In line with our campaign demands in 2002, Education ministers are meeting asthma campaigners to plan new strategies for schools. Councils such as those in Leeds, Richmond upon Thames in Surrey, Newham in East London, and Oxfordshire are considering asthma in their schools, housing and transport policies. The construction of non-polluting cars is slowly moving up the Department for Transport agenda, while in London, congestion charging has significantly cut car use in the centre.

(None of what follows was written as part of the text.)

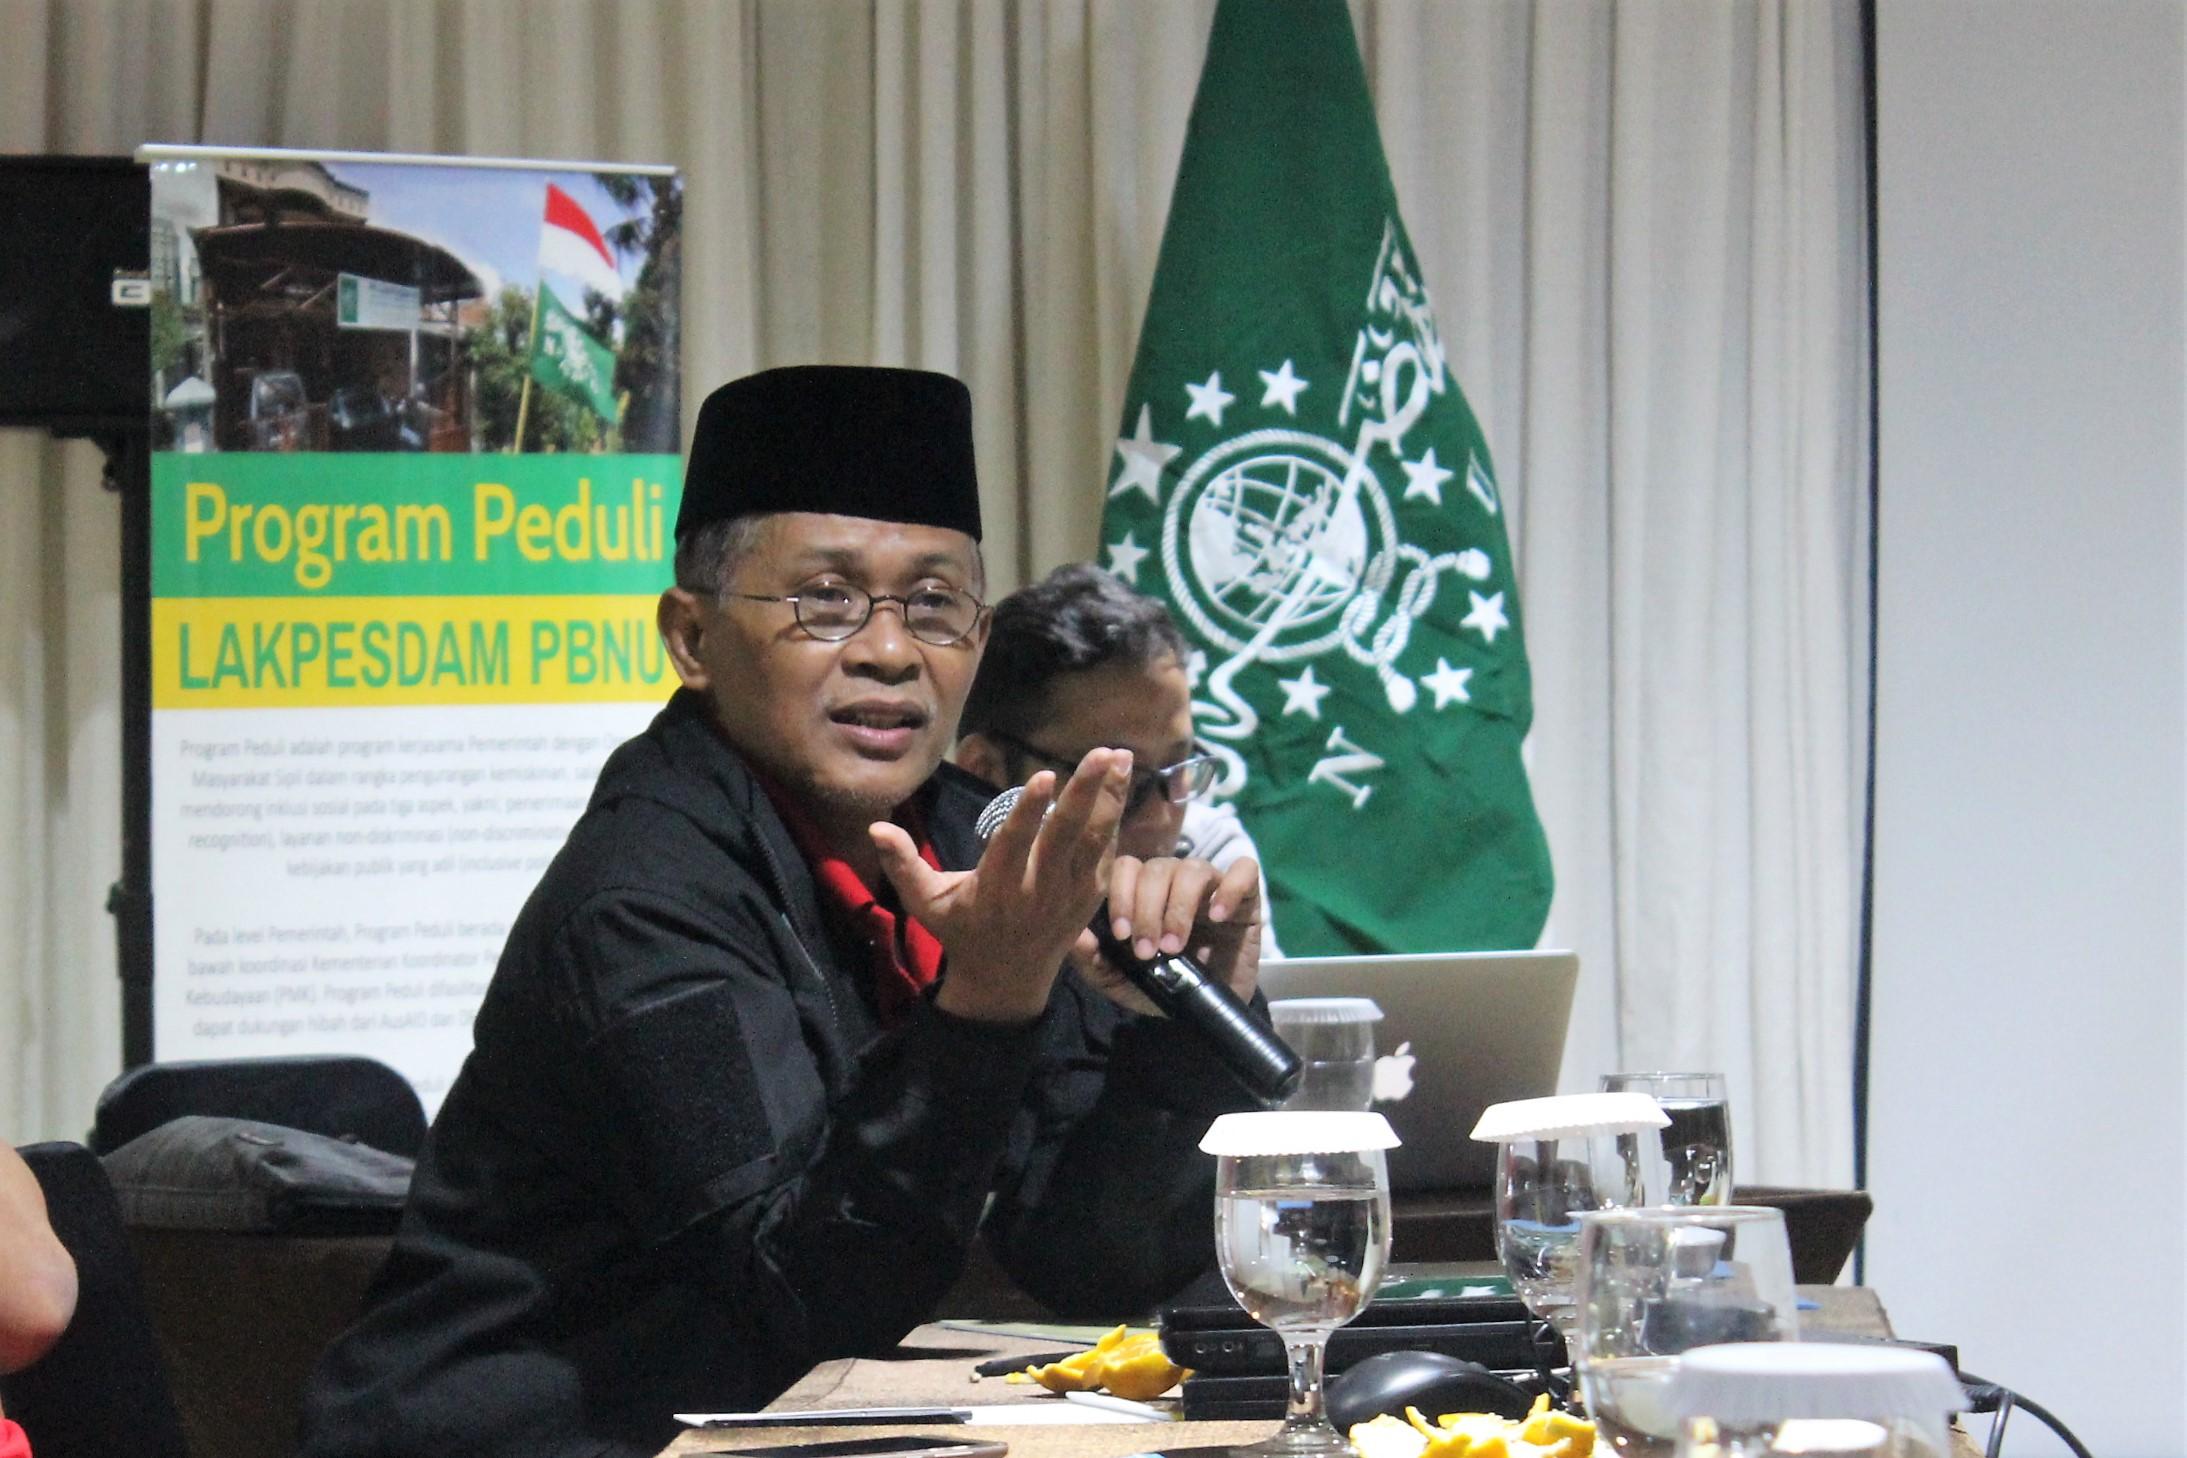 Perkuat Kampanye Inklusi Sosial, Lakpesdam PBNU Gelar Lokakarya Media

But according to Donna Covey, the NAC's chief executive, this progress is a very good start but not the solution. "Two or three years ago, we would struggle to find a Health minister who ever said the word 'asthma'. Now they know asthma is a problem, and are starting to talk about solutions. The next stage is to get them to invest. If the UK is top of the league table for asthma prevalence it has to be top of the league for finding a solution," she said.

"We would like to think our work and The Independent on Sunday's work has been part of making that happen, but there's still a long way to go. Asthma still isn't a government priority."

There are several other significant gaps in government policies on preventing asthma, any of which offer compelling reasons for continuing to campaign for awareness of the disease. Progress on meeting our key demands to tackle air pollution and build greener cars has been slow, particularly given the new evidence that traffic fumes causes asthma.

The NAC says calls by the Department for Education and the Welsh Assembly for 27,000 schools to implement national guidelines have produced only "very patchy" results - chiefly because ministers have failed to make caring for asthmatic schoolchildren a statutory priority. Until they do, Michael Fielding will remain one of the lucky few.